Потрескивание металла. Водосточный желоб вот-вот разогнется под его весом. Ко мне обращается некий смутный голос; он должен звучать громче всех прочих, но едва слышен: Этот человек, который сейчас погибнет, – брат твой. Довольно протянуть руку, чтобы даровать ему жизнь, а не смерть, как повелось с незапамятных времен. Но тут брат мой начинает истошно вопить. Его вопли оживляют мой страх, а страх сменяется яростью: Может, я бы и протянул тебе руку, говнюк, если бы ты не украл мои 57 франков, не наорал на меня, не ударил и не перепугал до смерти! Ярость напуганного человека не знает никаких границ, она способна разрушать города, уничтожать армии, выпить кровь из сердца тирана. Еле слышный голосок, лепетавший во мне, заглушают вопли этого подонка. И речи быть не может, чтобы затащить его снова в мир живых. Поди знай, не спихнет ли он сам меня с края крыши?
В соседнем доме зажигается свет, открываются ставни.
И тут мой каблук начинает плющить и плющить его пальцы, пока они не разжимаются.
Грохот тела, пробивающего стекло.
Хрустальный ураган.
Я смываюсь. Стальные скобы, вбитые в камень, помогают мне вернуться обратно. Снова цепляясь за каминные трубы, я нахожу лаз, ведущий в его логово. Помню, что поднял воротник куртки, сбегая по лестнице и придерживаясь рукой за перила. Все равно что двадцать метров сплошных отпечатков, оставленных при уходе. Во время бегства я боюсь, как бы какое-нибудь препятствие вдруг не выросло на моем пути, но опасность приходит сзади, потому что враг уже гнался за мной по пятам, незримый и гораздо более упрямый, чем все полиции мира. Что толку выскочить на улицу, не столкнувшись ни с одной живой душой, – он уже здесь, за моими плечами; что толку бежать во весь дух – он затаится в моей тени, чтобы уже никогда от меня не отстать. Я ищу тупик, пустырь, чтобы проблеваться, но иду от одного уличного фонаря к другому, и никогда еще темнота не казалась мне такой крикливой. Пока меня еще спасает остаток опьянения, но скоро я буду вынужден остаться один на один с низостью, которую совершил. Главное сейчас – убраться отсюда, не бежать, устоять перед визгом решеток метро, которые открывают у меня на пути, не нырять туда. Что-то подсказывает: если мне хватит сил добраться до своей лачуги пешком, не сдаваясь полиции и не бросаясь в Сену, у меня, может быть, есть шанс. Дорога будет длинной и опасной, но я должен пройти ее один и на свету – только такой ценой я останусь невидим.

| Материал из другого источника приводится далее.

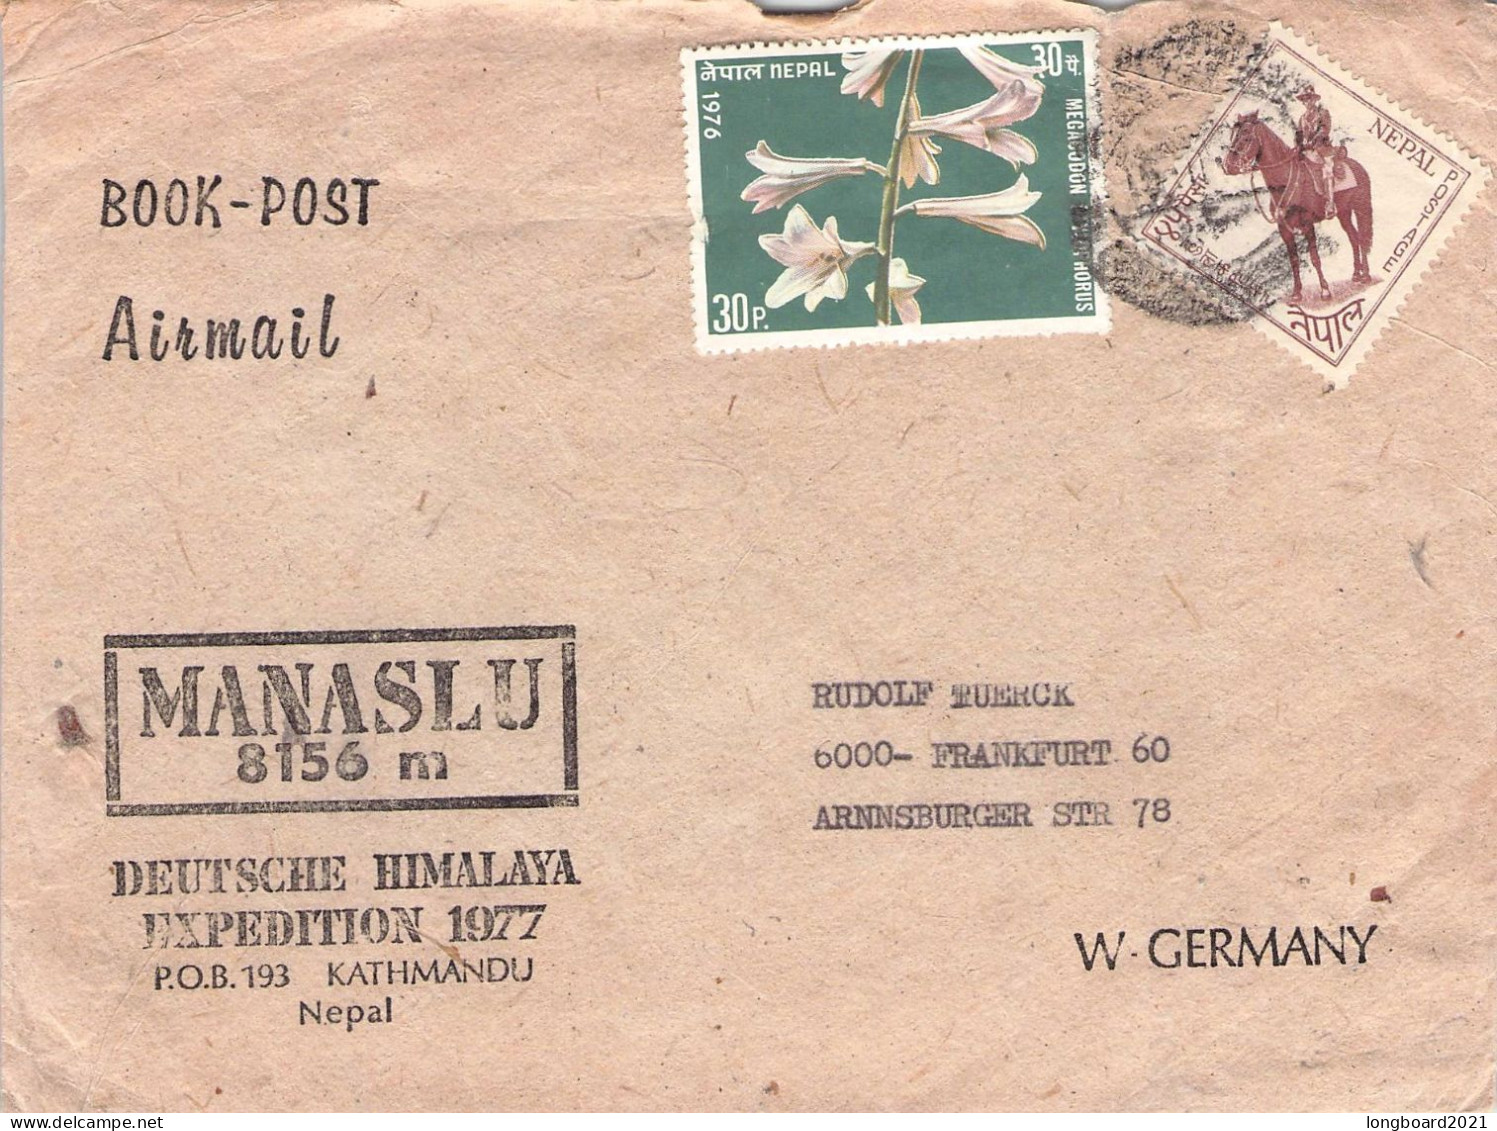 NEPAL - BOOK-POST AIRMAIL - W. GERMANY / 7039 - Nepal
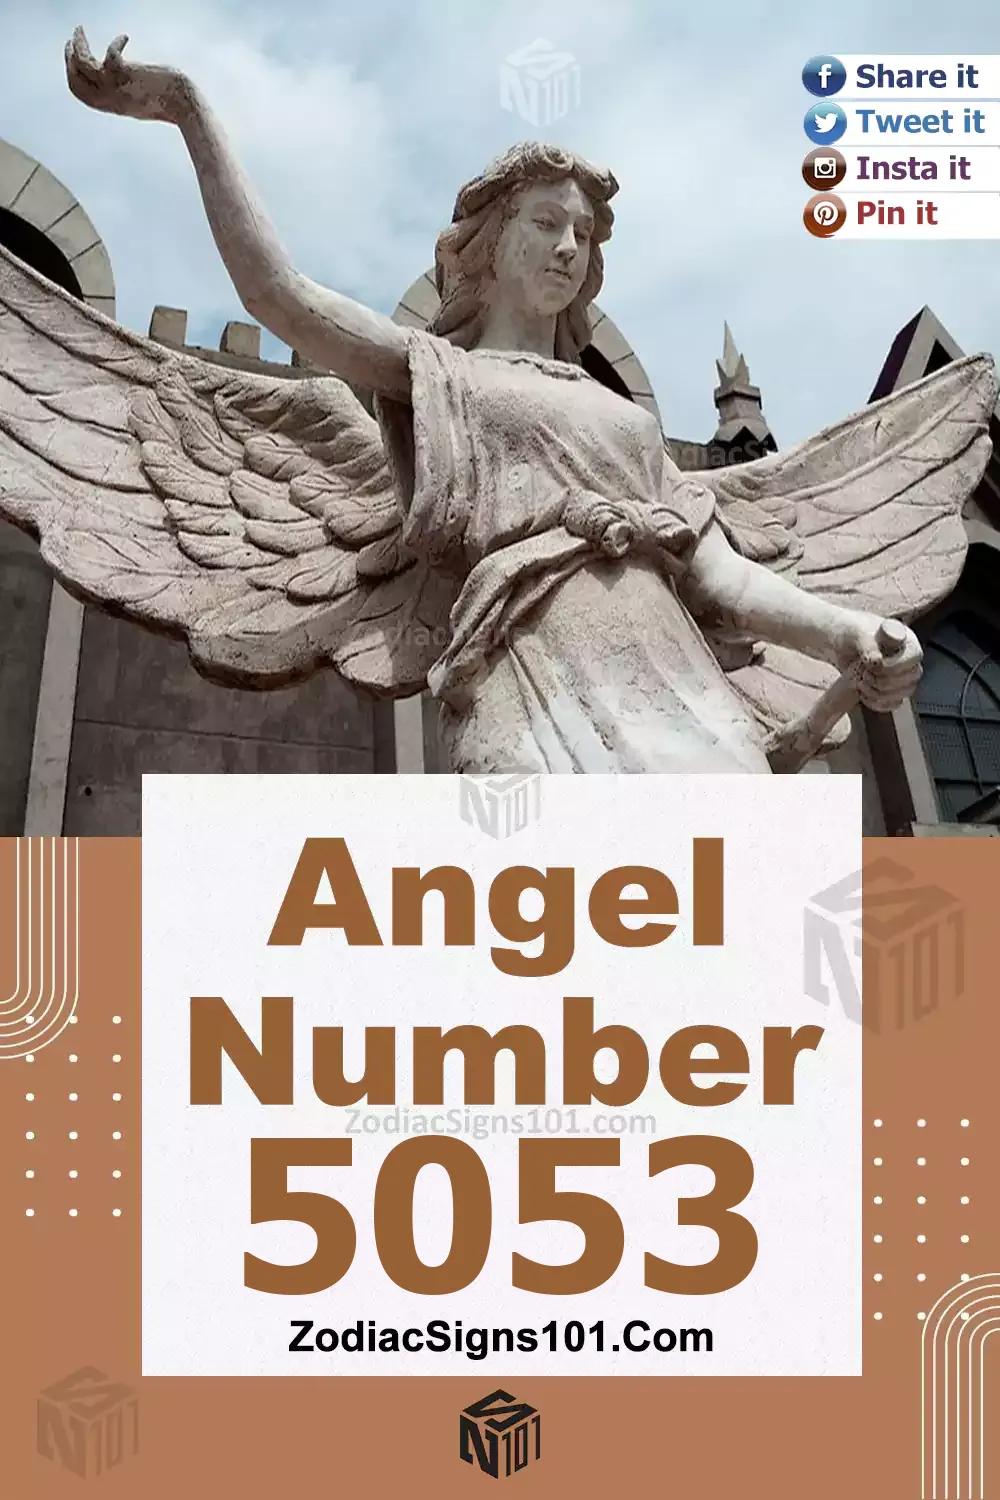 5053-Angel-Number-Meaning.jpg

Я щурюсь, глядя на занимающуюся зарю, встречая спешащих на работу тружеников, самых ранних, самых мужественных, они-то устремляются прямо в метро, для них это такой же день пахоты, как все прочие, они ни о чем не догадываются – бессознательные и безответственные.
На перекрестке я колеблюсь, какую дорогу избрать; сердце вдруг цепенеет, и я падаю на скамейку, тяжело дыша, как больной пес. Мне уже не хватает сил, а худшее еще впереди.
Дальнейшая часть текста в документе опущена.